Under Sargon II (721-705) the Assyrians renewed their conquests in the east. Towards the year 720 the extreme north (the territory beyond Lake Urmia) was occupied by Urartu. In the following years northwestern Iran became the main arena of the struggle between Assyria and Urartu. The king of Urartu, Rusa I, strove to bring over to his side against Assyria the rulers of the still existing small dominions, while the Assyrians were in alliance with the king of Manna. In the year 719 two cities of Manna rose against Iranzu, king of that country. Sargon swiftly quelled the rebellion. In the year 716 Rusa I captured twenty-two Mannean strongholds and induced Dayaukku, a governor of a province of Manna, to secede from Assyria. In order to put an end to the influence of Urartu and of its ally Zikirtu on the affairs of Manna, Sargon II undertook a number of expeditions, of which the most important were the sixth and the eighth.
The sixth expedition in 716 is described in the annals and more in detail on Sargon’s stele found in western Iran. About that time the Manneans ceased to obey Iranzu, who must have perished during the rebellion in Manna, as he is no longer mentioned in the texts. While Sargon was continuing his campaign, two Mannean princes overthrew Aza, son of Iranzu. Sargon immediately intervened and set upon the throne in the place of Aza, who had probably died by that time, Ullusunu, another son of Iranzu. However, Ullusunu immediately seceded and attempted to form an alliance with Rusa. Sargon captured Izirtu, the capital of Manna, and after quelling the rebellion restored the throne to Ullusunu, who surrendered.
After seizing much plunder in Manna, Sargon went to the province of Karalla situated on the headwaters of the Lesser Zāb. Aššur-leʾū, prince of Karalla, who had joined the Urartian coalition, was defeated and skinned alive. Karalla was annexed to the province of Lullume (a synonym of Zamua). Itti, the ruler of Alabria, also suffered as a supporter of Urartu and was banished to the west. He was replaced in Alabria by Bēlapaliddina, who became a loyal vassal of Assyria. During that campaign Sargon also attached a number of provinces to Parsua and seized and created a new province of Kišesim, after which he occupied Ḫaṛḫar, which became the center of another new province. Some regions of western Media were annexed to Ḫaṛḫar. Later the Assyrians created here the provinces of Kār-Kašši (or Bīt-Kāri), Saparda, and Mādāya (Media), which retained to a great extent their internal independence.
In 715 Sargon undertook another expedition to the territory of Manna. Dayaukku, the rebellious leader of the Mannean province of Missi, was captured and banished to the Syrian province of Hamath. Provinces that the Urartians had formerly taken from Manna were reincorporated into Manna.

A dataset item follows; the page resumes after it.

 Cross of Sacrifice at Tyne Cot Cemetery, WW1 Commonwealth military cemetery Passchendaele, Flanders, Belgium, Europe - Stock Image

In 714 Sargon turned against Urartu, making his famous eighth campaign, a lengthy account of which he addressed to the god Aššur. Collecting tribute from the small rulers on his path, Sargon marched to the east along the southern borderlands of the Mannean kingdom which supplied the Assyrian army with provisions stored for that purpose in Mannean strongholds. Next Sargon invaded the territory of Zikirtu (east of northeast of the centers of Manna) and utterly devastated this country and its capital Parda, as well as a dozen strongholds and eighty-four small settlements. Mitatti, the ruler of Zikirtu, who was the principal ally of Rusa, retreated with his forces to join the army of the Urartian king that was advancing to meet the Assyrians. The decisive battle took place near Mount Uauš. Rusa and Mitatti suffered a crushing defeat. The Assyrian army, plundering, burning, and destroying everything on its way, raided the Urartian possessions around Lake Urmia. The lands on the southeastern shores of Lake Urmia and in neighboring regions, seized by the Urartians during the struggles of the preceding years, were annexed or returned to Manna. The influence of Urartu in the Zagros was now removed and Assyrian supremacy established there, not to be challenged until the times of Asarhaddon (680-669 B.C.). However, as subsequent events were to show, the strengthening of Manna held a hidden danger for Assyria.
In 713 Sargon made one more expedition to the east directed mainly towards the heartland of Manna. He began by destroying Karalla, where the inhabitants had ousted the Assyrian-sponsored ruler. Then he marched against Ellipi, where five provinces had risen against Talta, the ruler set up by the Assyrians. The leader of the insurgents was apparently a certain Azuktu from Ḫubaḫna, one of the local rulers. The Assyrians took the stronghold Ḫubaḫna, as well as twenty-five settlements. The rebellion was crushed and Talta’s rule restored in Ellipi. Then the Assyrians moved eastward or northeastward into the frontier regions between Ellipi and Media, then across the provinces of “the mighty Medes.”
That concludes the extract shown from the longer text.